Which holsters are best for front pocket carry of the G26/G27?

Advice from any of you who actually pocket carry, either of the above, will be appreciated! I am about ready to pull the trigger on a G26 for CCW carry. (no pun intended)


----------



## RevDerb (Jun 4, 2008)

I personally cannot see pocket carrying my G-27 which is the same size/weight as the G-26. It is just too heavy and bulky for pocket carry. However I love it in my IWB Don Hume holster. For pocket carry, I'm about to order a Ruger LCP for those times when the G-26/27 don't fit.


----------



## JeffWard (Aug 24, 2007)

I CARGO pocket carry a XD9SC frequently (same size). The XD9SC and the G26/27 are too big for pocket carry, unless it is a huge pocket.

I sewed a vertical stitch up the middle of the thigh/cargo pocket of a few pairs of shorts, that carries any fullsize or compact gun in a vertical fashion, grip up, with decent concealment. It will even accompdate my 5" M&P Pro, with the velcro tabs closed.

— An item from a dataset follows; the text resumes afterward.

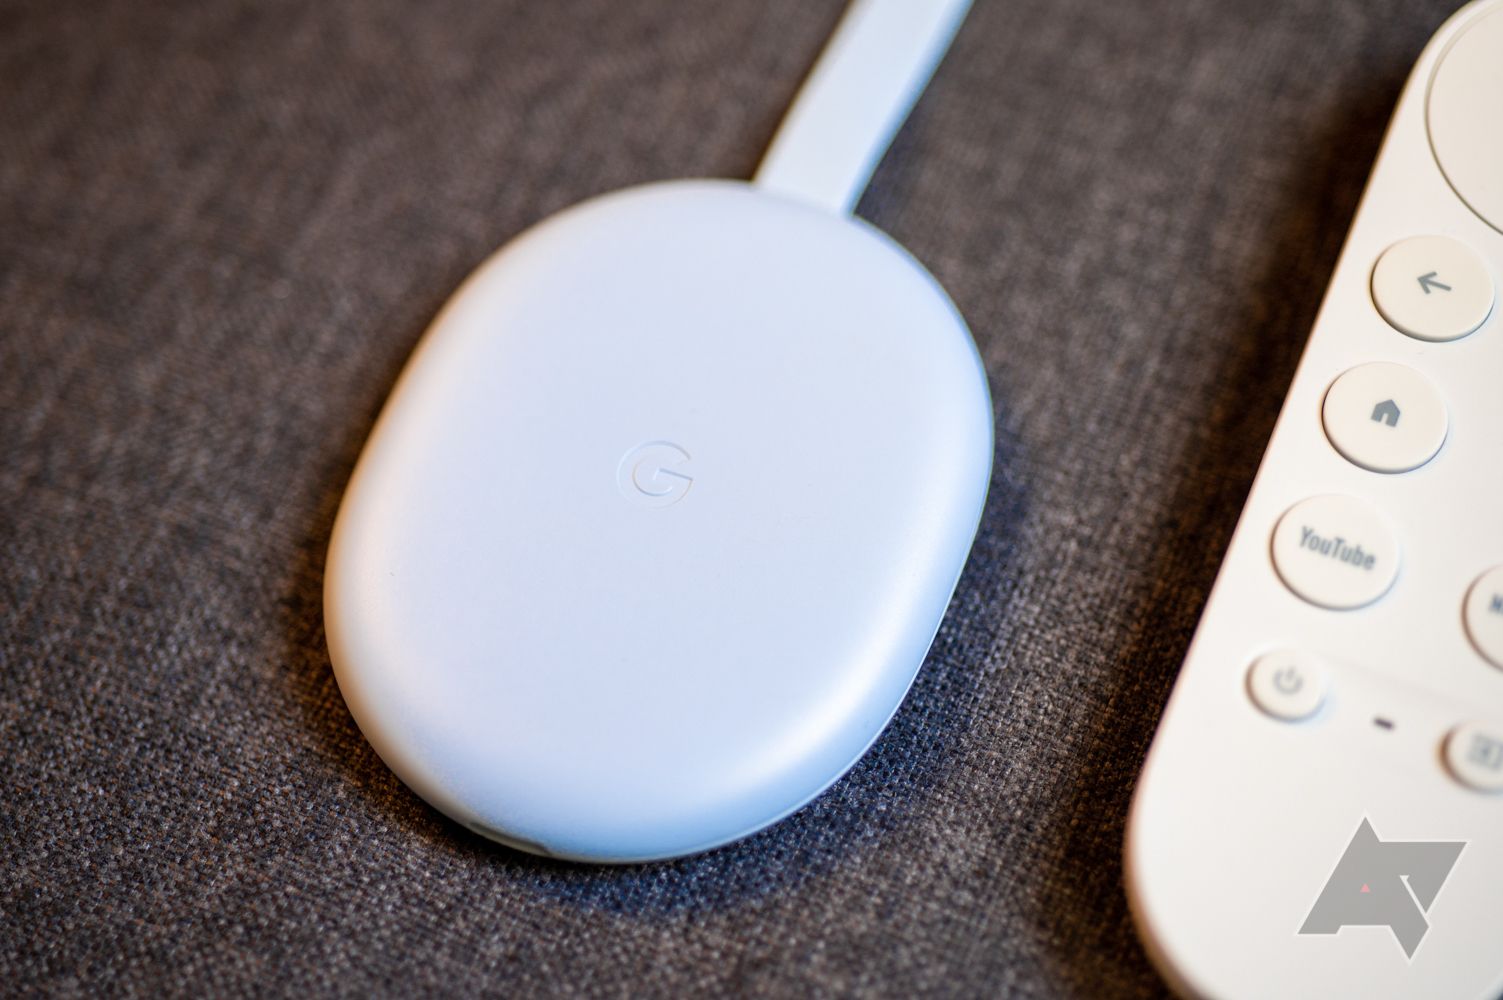 The common Chromecast issues and how to fix them

For deep concealment/pocket carry, I carry a Kel-Tec P-3AT.

JW


----------



## jonstar (Feb 16, 2009)

JeffWard said:


> I CARGO pocket carry a XD9SC frequently (same size). The XD9SC and the G26/27 are too big for pocket carry, unless it is a huge pocket.
> 
> I sewed a vertical stitch up the middle of the thigh/cargo pocket of a few pairs of shorts, that carries any fullsize or compact gun in a vertical fashion, grip up, with decent concealment. It will even accompdate my 5" M&P Pro, with the velcro tabs closed.
> 
> ...


I am an overweight dude... and carrying my 27 at my waist gets to be quite uncomfortable... generally it is in an ankle holster but on those odd occasions that I am wearing shorts, i wear a cargo short and have modified the right side cargo pocket exactly as you have described... regardless of where my 27 is, i ALWAYS have my P3AT on my hip...


----------